Data block:
--------

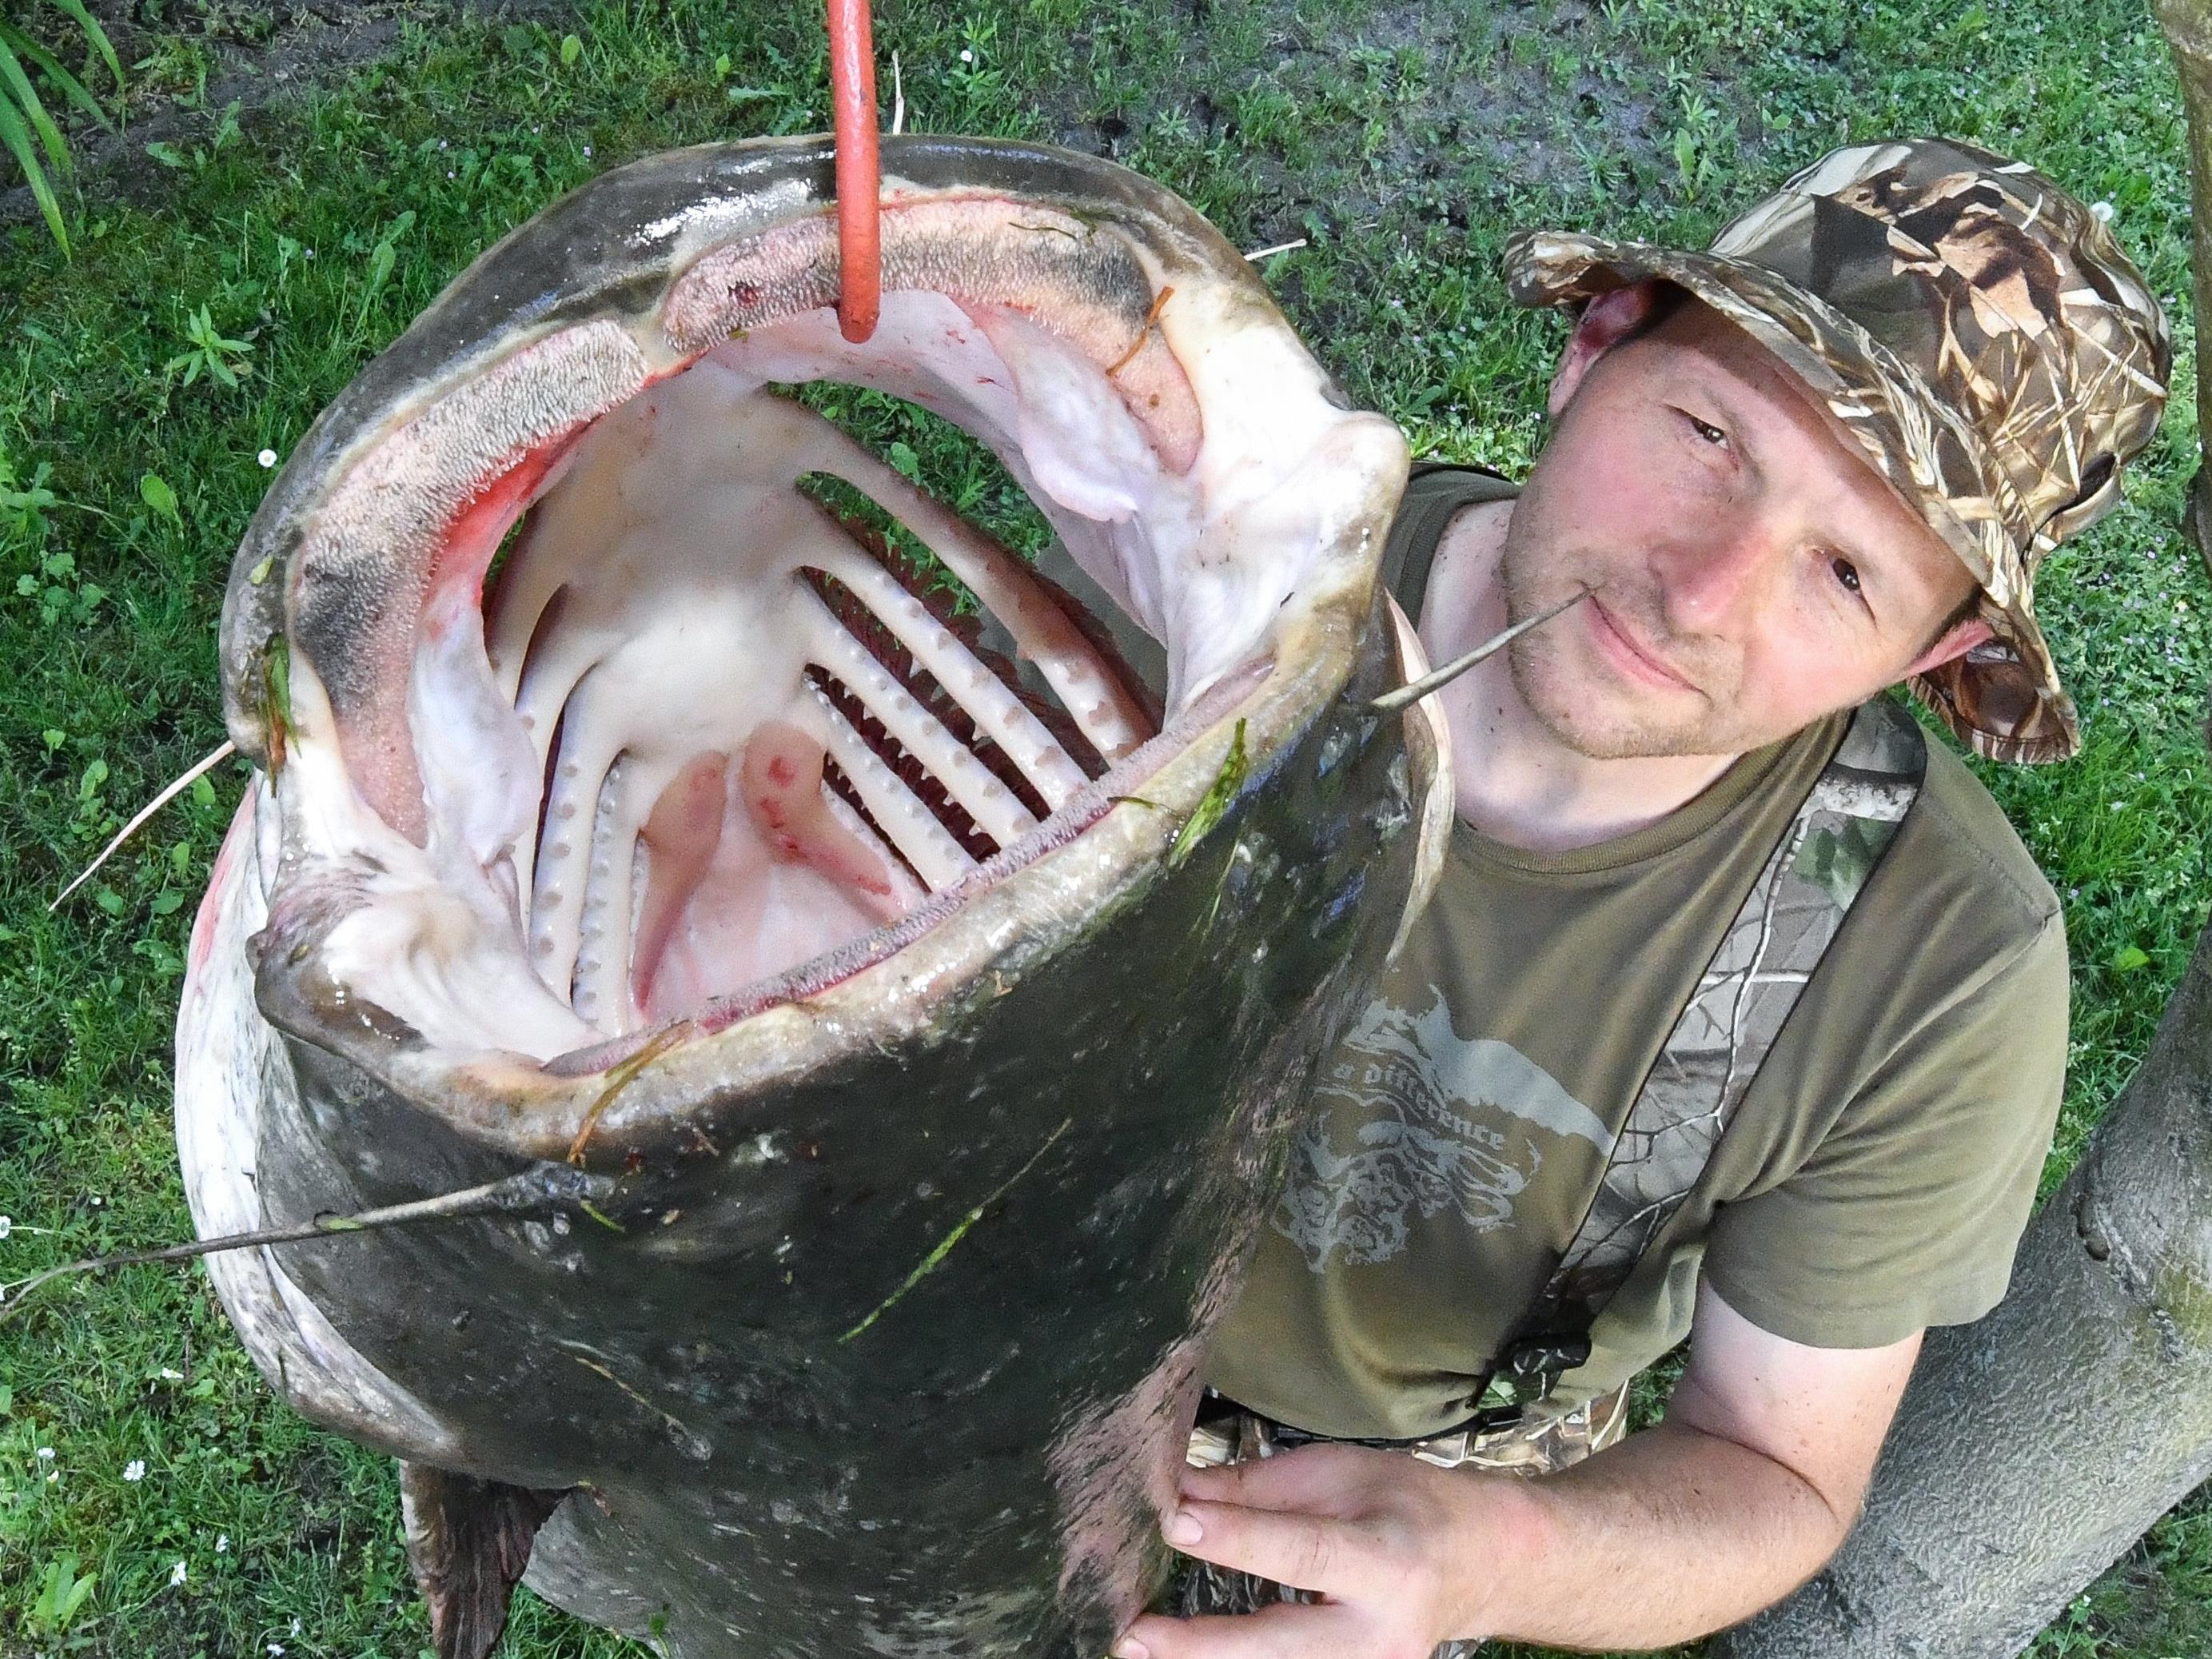 Der Fund im Bauch eines riesigen Wels schockte die Angler.
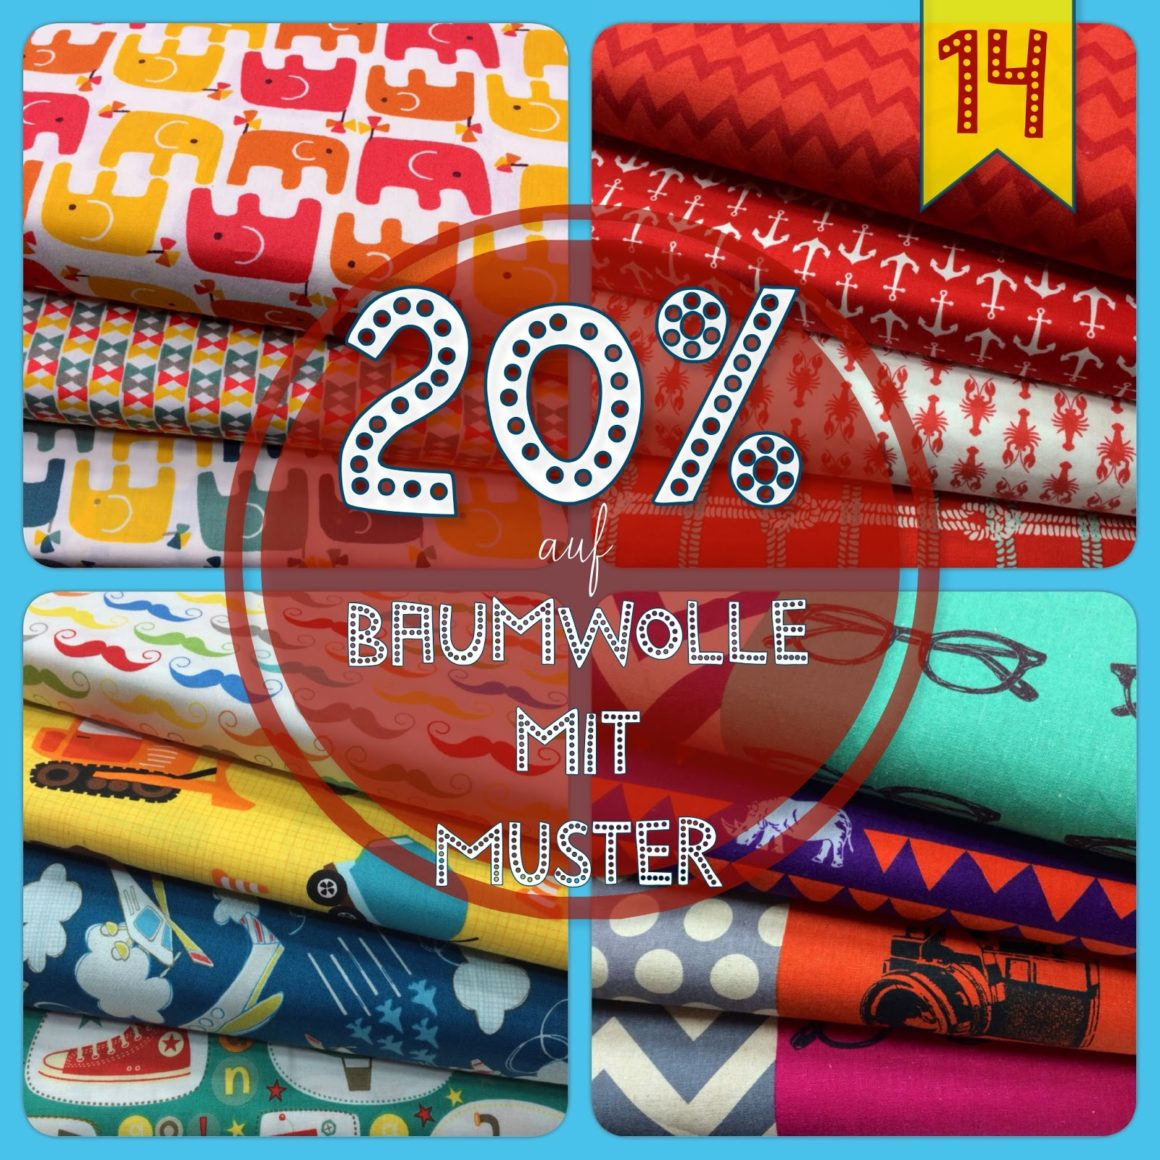 Türchen N°14 im Adventsmirakel: 20% Rabatt auf gemusterte Baumwollstoffe!
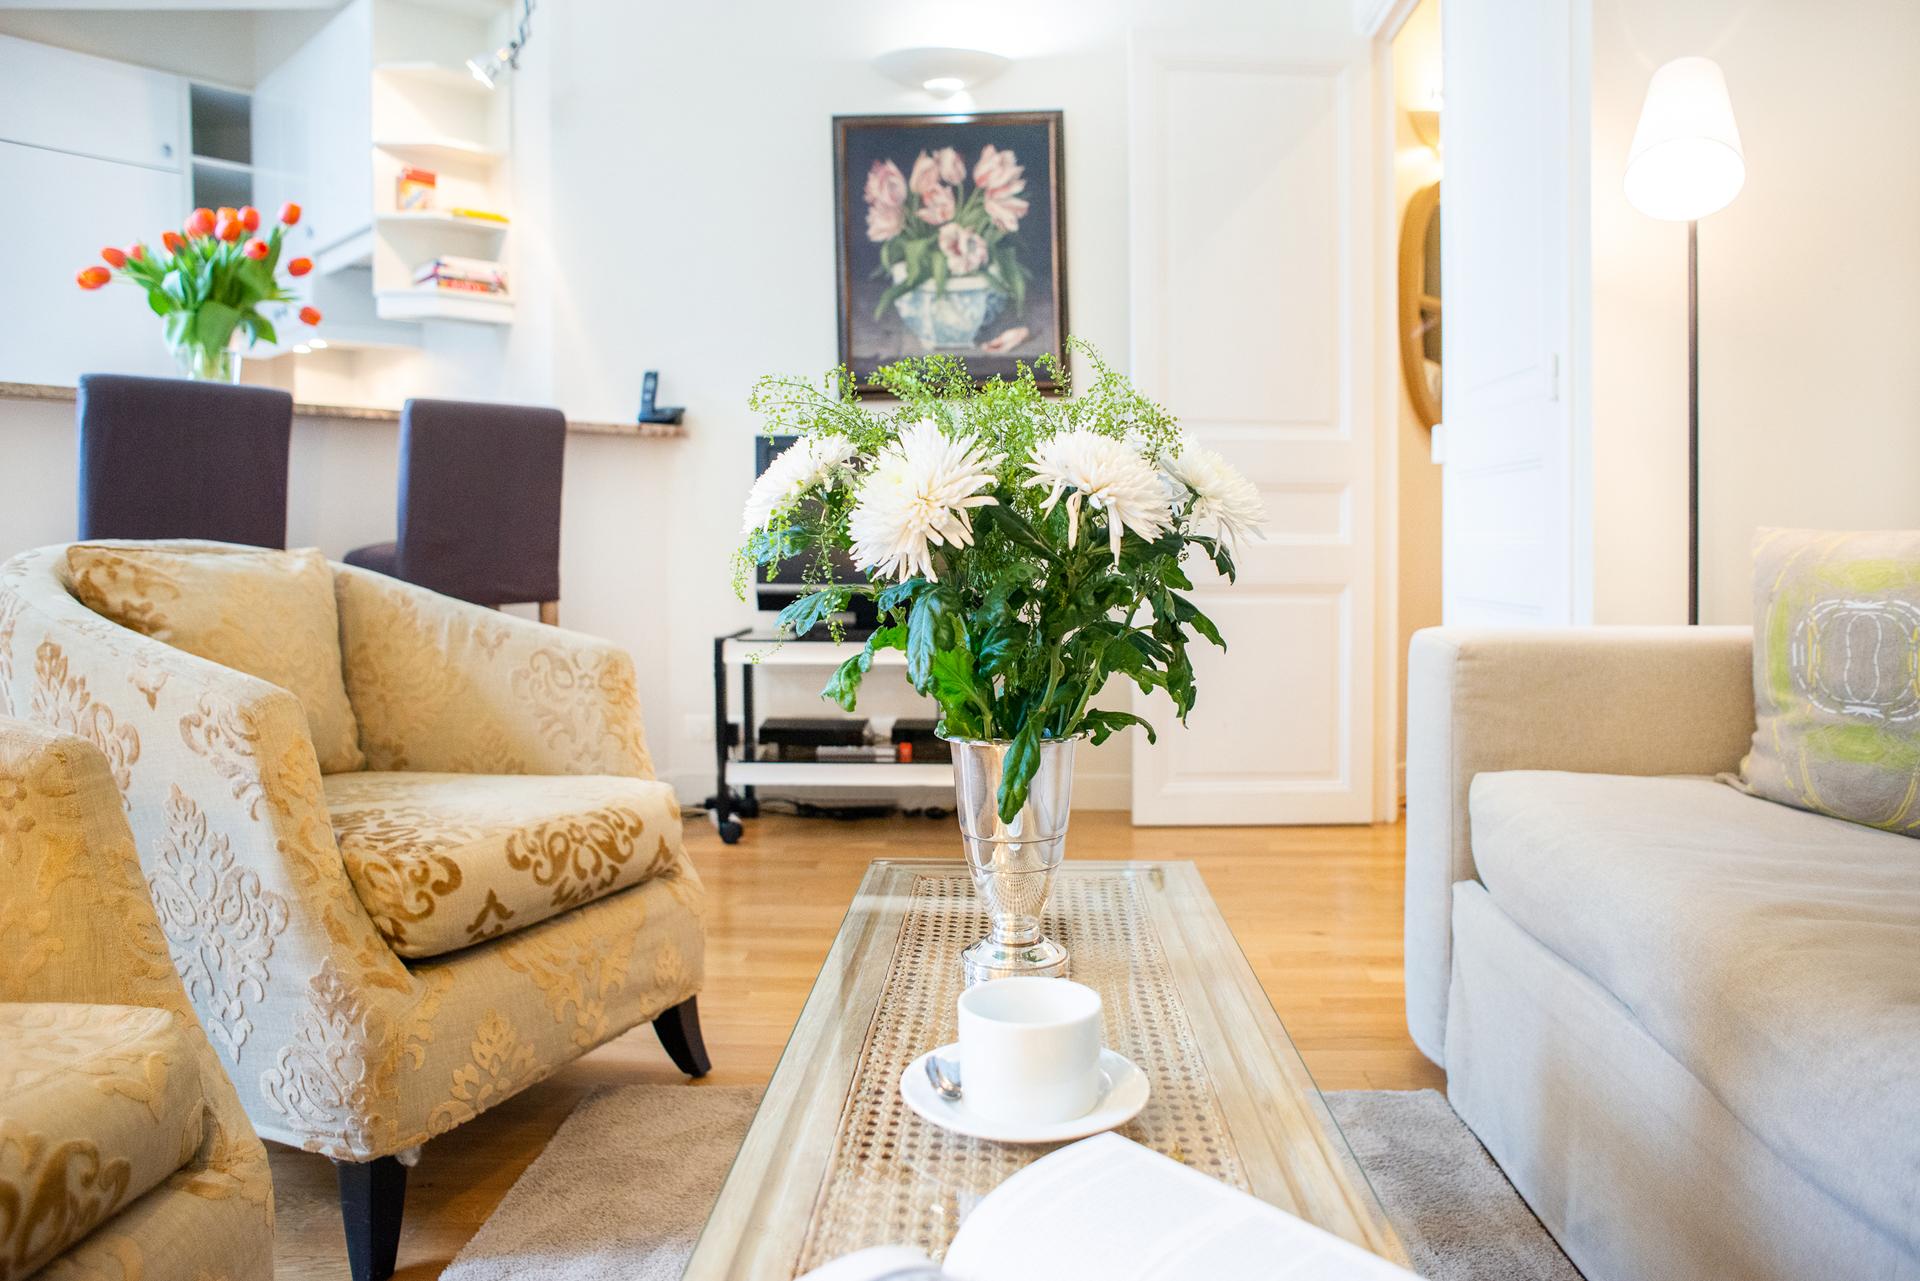 Spacious 2 bedroom rental in St. Germain by Paris Perfect

--------

The problem: The data above must be given again in full and unaltered, minus its images.

Solution for this problem:
 Der Fund im Bauch eines riesigen Wels schockte die Angler.
 Türchen N°14 im Adventsmirakel: 20% Rabatt auf gemusterte Baumwollstoffe!
 Spacious 2 bedroom rental in St. Germain by Paris Perfect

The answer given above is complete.